If $f$ is an entire function, $\lim_{z\to\infty} z^{-1} \operatorname{ Re} f(z)=0$, show $f$ is constant.
I know only the Liouville theorem: bounded entire funcion is constant. It seems that the real part of $f$ is at most linear growth around $\infty$.
If using harmonic function, it sounds easy. $f(z)=u+iv$, then using the harmonicity of $u$, we may show $u$ is constant, and thus $v$.
Is there any natural complex analysis proof? Thank you.

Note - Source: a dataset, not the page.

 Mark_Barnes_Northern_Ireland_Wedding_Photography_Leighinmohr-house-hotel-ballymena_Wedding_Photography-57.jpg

Let $g(z)=f(z)-f(0)$. Then $f$ is constant if and only if $g$ is constant. Besides, $g$ is an entire function too. On the other hand, $\frac{g(z)}z$ is bounded near $0$ (since $\lim_{z\to0}\frac{g(z)}z=f'(0)$). It follows from this that $\frac{\operatorname{Re}(g(z))}z$ is also bounded near $0$. But$$\lim_{z\to\infty}\frac{\operatorname{Re}(g(z))}z=0.\tag1$$Therefore, $\frac{\operatorname{Re}(g(z))}z$ is bounded. So, for some constant $M$, you have $\bigl|\operatorname{Re}(g(z))\bigr|\leqslant M|z|$. It is well-known that then $g$ is polynomial with degree at most $1$. So, $g(z)=az+b$, for some constants $a$ and $b$. But then it follows from $(1)$ that $a=0$.